Information from a collection of 599 historical CIMMYT wheat lines. The wheat data set is from CIMMYT's Global Wheat Program. Historically, this program has conducted numerous international trials across a wide variety of wheat-producing environments. The environments represented in these trials were grouped into four basic target sets of environments comprising four main agroclimatic regions previously defined and widely used by CIMMYT's Global Wheat Breeding Program. The phenotypic trait considered here was the average grain yield (GY) of the 599 wheat lines evaluated in each of these four mega-environments.

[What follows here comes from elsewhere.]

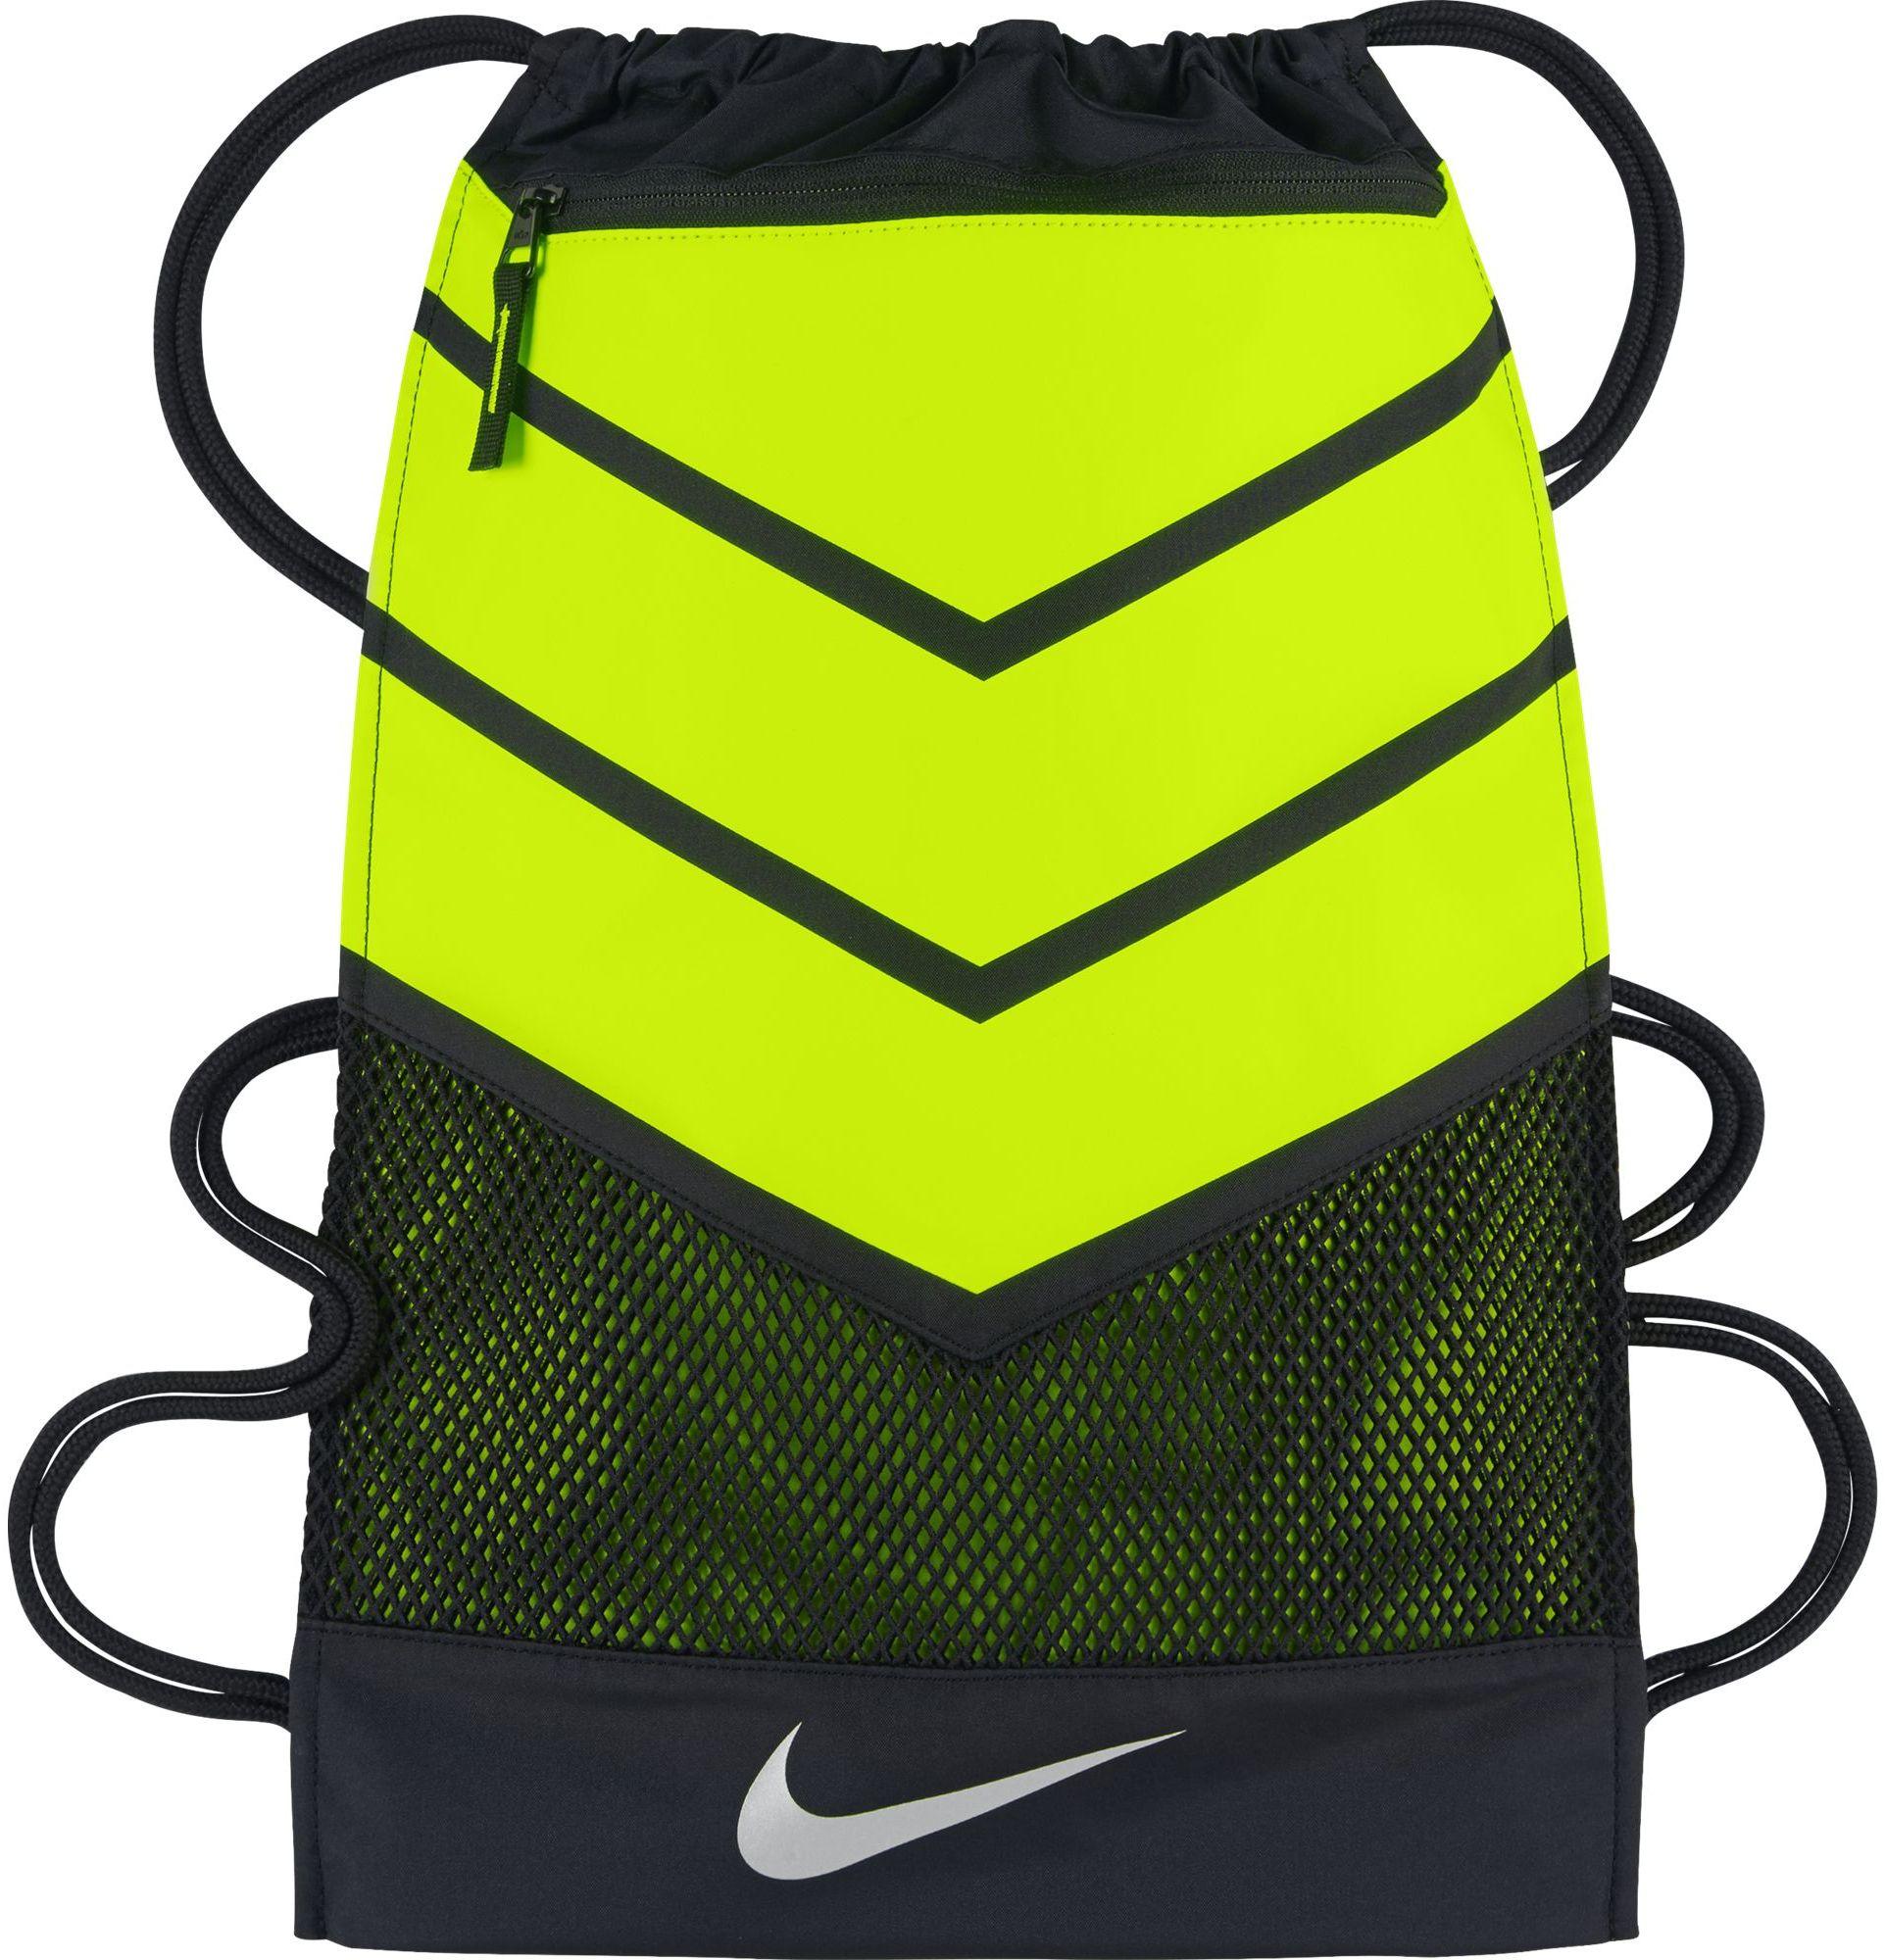 Nike VAPOR 2.0 GYM SACK Tornazsák | EnergyFitness.hu

A pedigree tracing back many generations was available, and the Browse application of the International Crop Information System (ICIS), as described in http://repository.cimmyt.org/xmlui/bitstream/handle/10883/3488/72673.pdf (McLaren et al. 2005), was used for deriving the relationship matrix A among the 599 lines; it accounts for selection and inbreeding.

Wheat lines were recently genotyped using 1447 Diversity Array Technology (DArT) generated by Triticarte Pty. Ltd. (Canberra, Australia). The DArT markers may take on two values, denoted by their presence or absence. Markers with a minor allele frequency lower than 0.05 were removed, and missing genotypes were imputed with samples from the marginal distribution of marker genotypes, that is, xij=Bernoulli(p^j)x_{ij}=Bernoulli(\hat p_j), where p^j\hat p_j is the estimated allele frequency computed from the non-missing genotypes. The number of DArT MMs after edition was 1279.

Usage

data(wheat)

Format

Matrix Y contains the average grain yield, column 1: Grain yield for environment 1 and so on. The matrix A contains additive relationship computed from the pedigree and matrix X contains the markers information.

Source

International Maize and Wheat Improvement Center (CIMMYT), Mexico.

References

McLaren, C. G., R. Bruskiewich, A.M. Portugal, and A.B. Cosico. 2005. The International Rice Information System. A platform for meta-analysis of rice crop data. Plant Physiology 139: 637-642.


Molecular markers

Description

Is a matrix (599 x 1279) with DArT genotypes; data are from pure lines and genotypes were coded as 0/1 denoting the absence/presence of the DArT. Markers with a minor allele frequency lower than 0.05 were removed, and missing genotypes were imputed with samples from the marginal distribution of marker genotypes, that is, xij=Bernoulli(p^j)x_{ij}=Bernoulli(\hat p_j), where p^j\hat p_j is the estimated allele frequency computed from the non-missing genotypes. The number of DArT MMs after edition was 1279.

Source

International Maize and Wheat Improvement Center (CIMMYT), Mexico.


Grain yield

Description

A matrix (599 x 4) containing the 2-yr average grain yield of each of these lines in each of the four environments (phenotypes were standardized to a unit variance within each environment).

Source

International Maize and Wheat Improvement Center (CIMMYT), Mexico.